Associate Professor of Biological Sciences (in the Mortimer B. Zuckerman Mind Brain Behavior Institute)
Columbia University
Title: Skin-brain axis for tactile sensations
Abstract: A caress from a loved one can trigger reward and promote a warm embrace. Conversely, noxious stimuli can trigger pain and unpleasantness. As a field, we have identified receptor proteins in the skin that allow peripheral sensory neurons to detect touch and pain. One of the next big challenges in the field is understanding the integrated response from skin to brain – from detection to perception. It is critical that this gap in knowledge is closed, in order to provide safe ways to treat pain, and to enhance the rewarding nature of social encounters in people suffering neurologic and psychiatric deficits such as autism or major depression.

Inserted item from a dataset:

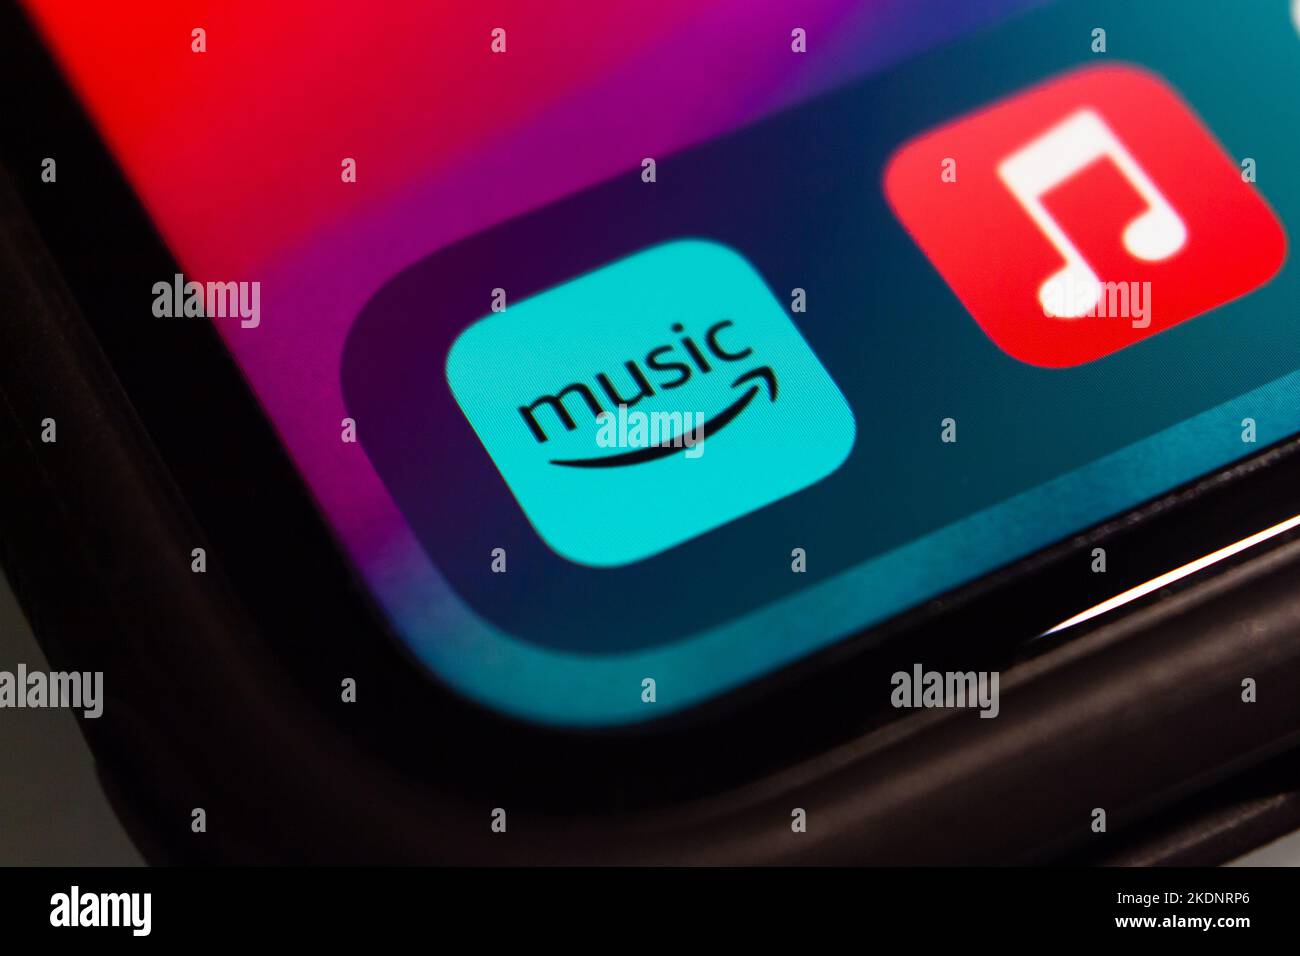 Vancouver, CANADA - Nov 4 2022 : Amazon Music, una piattaforma di streaming musicale online e negozio di Amazon inc., su uno schermo di iPhone. Foto Stock

Work in the Abdus-Saboor lab is integrating the peripheral and central nervous systems, seeking to uncover genes and neural circuits for somatosensation from the skin to the spinal cord and interconnected networks across the brain. We are elucidating the “skin-brain axis” – taking a holistic approach that combines high-resolution behavioral mapping, brain imaging, and neural circuit manipulations. This seminar will be divided into three parts, featuring discoveries made in the Abdus-Saboor lab including 1) identification of a skin-brain neuronal pathway in mice for rewarding social touch, 2) development of quantitative pain scales in mice for connecting pain behavioral signatures with neural circuits, and 3) the role of social touch in naked mole-rat colonies. Each section will conclude with future directions about where the lab is taking each major project.